Operating systems may have the task of handling different types of data, including multimedia. In recent years, technology has seen an increase in the use of multimedia data within computer systems. Multimedia data includes continuous media in the form of audio or video files and conventional files. Continuous media data differs from conventional data, requiring specific time restrictions to deliver files such as video, images, or audio frames.

What is Multimedia?

Multimedia refers to a wide range of applications that are commonly used nowadays. This term encompasses a broad category that includes audio and video files such as MP3 audio files, movies, short video clips, and flash/animation files of movie previews or news stories downloaded via the Internet.

In addition, multimedia also includes live webcasting (i.e., broadcasting over the World Wide Web) of various events or sports. A multimedia application does not necessarily need to be audio or video; it can include a mixture of both.

What is Media Delivery?

Multimedia data is stored in the file system just like any other data. The main difference between a regular file and a multimedia file is that multimedia files need to be accessed at a specific rate while accessing a standard file does not require any particular timing. A video usually comprises a sequence of images, known as frames, displayed rapidly. The faster the frames are displayed to users, the smoother the video looks. Typically, a rate of 24 to 30 frames per second is necessary for the video to appear smooth to the human eye.

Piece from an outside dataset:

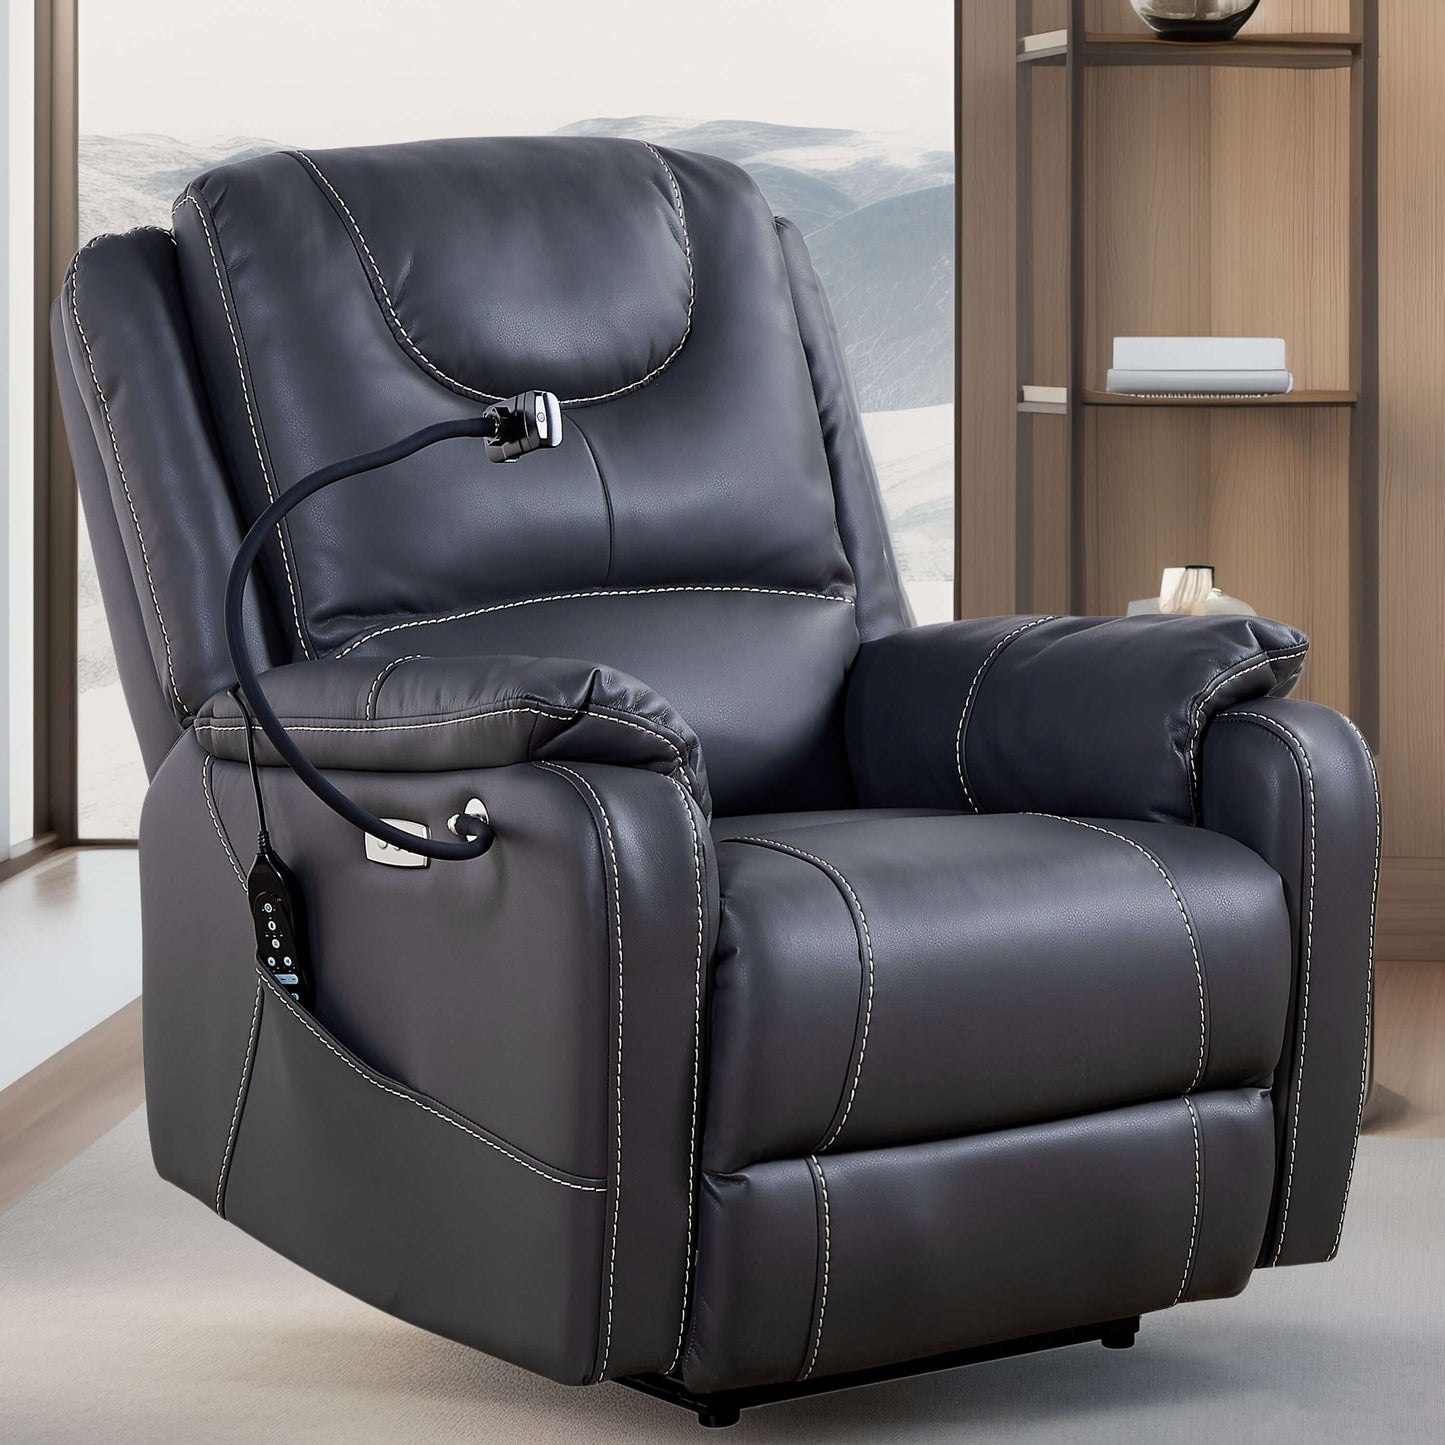 Power Zero Gravity Chair: Electric Recliner with Heat and Massage, Side Pockets,USB Port - Scratch Resistant Eco Leather Black

When data is delivered from the local file system, it is called 'local playback.' Multimedia files can also be stored on a remote server and delivered to a client across a network using a technique called streaming.

There are two types of streaming techniques:

  • Progressive download.
  • Real-time streaming.

There are two options for downloading audio and video media files: progressive download and real-time streaming. The media file is downloaded and stored on the user's local file system with progressive download. On the other hand, real-time streaming allows the media file to be streamed to the client but not stored or downloaded by the client.

Real-time streaming is preferred for media files that are too large to store on the client system, such as long videos and Internet radio or TV broadcasts. Since the media file is not stored on the client system, real-time streaming is a better option for those who want to conserve space on their devices.

Characteristics of Multimedia Systems

The demands of multimedia systems differ significantly from those of conventional applications. Multimedia systems can have the following characteristics:

  • Multimedia files can be relatively large. For example, a 100-minute MPEG-1 video file uses roughly 1.125 GB of storage, and 100 minutes of high-definition television needs approximately 15 GB of storage.
  • Continuous media might need very high data rates. Think of a digital video wherein a frame of color is displayed at a resolution of 800 x 600.
  • Multimedia applications are pretty sensitive to time delays at some point in playback.